▶ What to produce: Each line below from the one containing "SHERWIN WILLIAMS COLOR" through the one containing "The Best Office" should be output exactly as it stands, and no other line should appear.

▶ Supplied data:
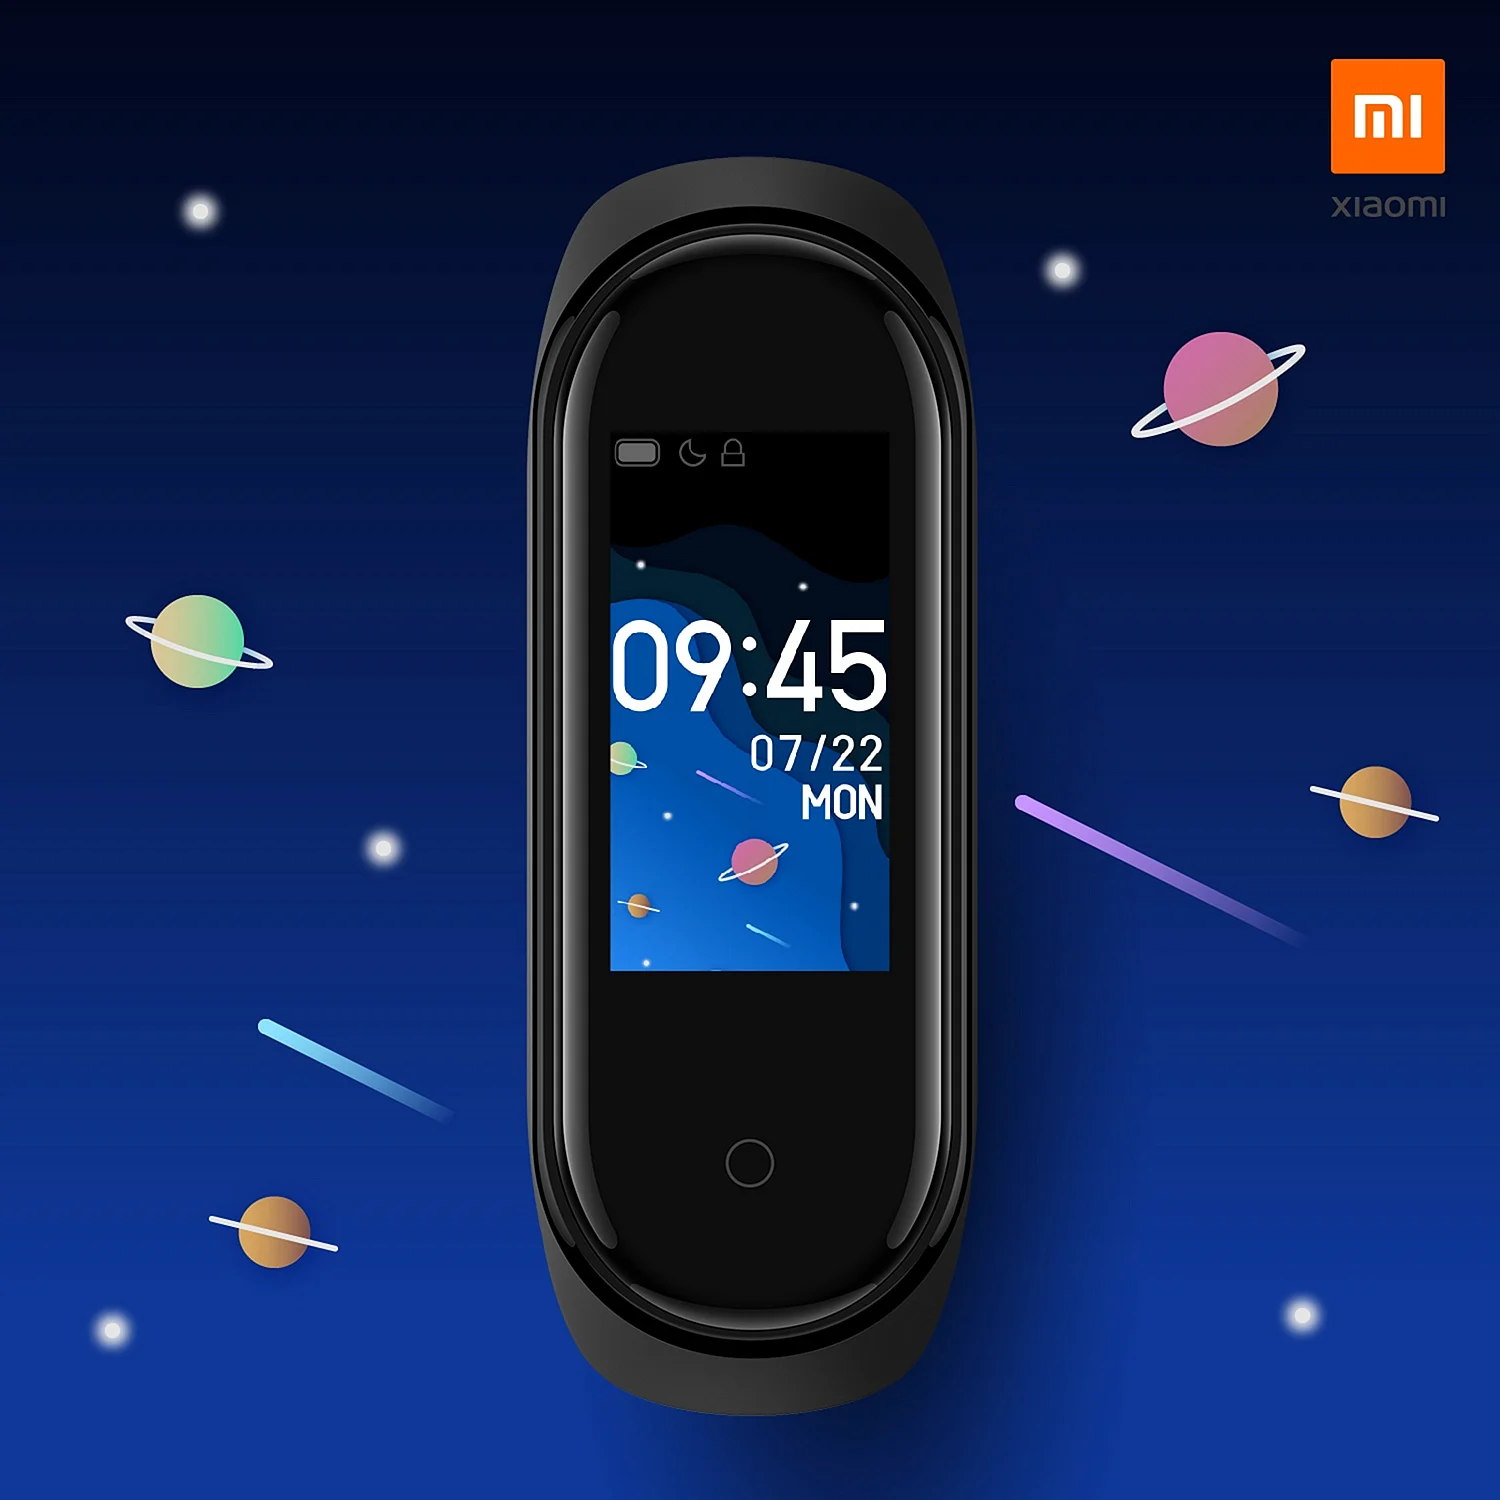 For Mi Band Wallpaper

---

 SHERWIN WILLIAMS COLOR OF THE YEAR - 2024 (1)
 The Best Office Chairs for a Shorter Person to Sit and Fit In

▶ Answer for the task:
 SHERWIN WILLIAMS COLOR OF THE YEAR - 2024 (1)
 The Best Office Chairs for a Shorter Person to Sit and Fit In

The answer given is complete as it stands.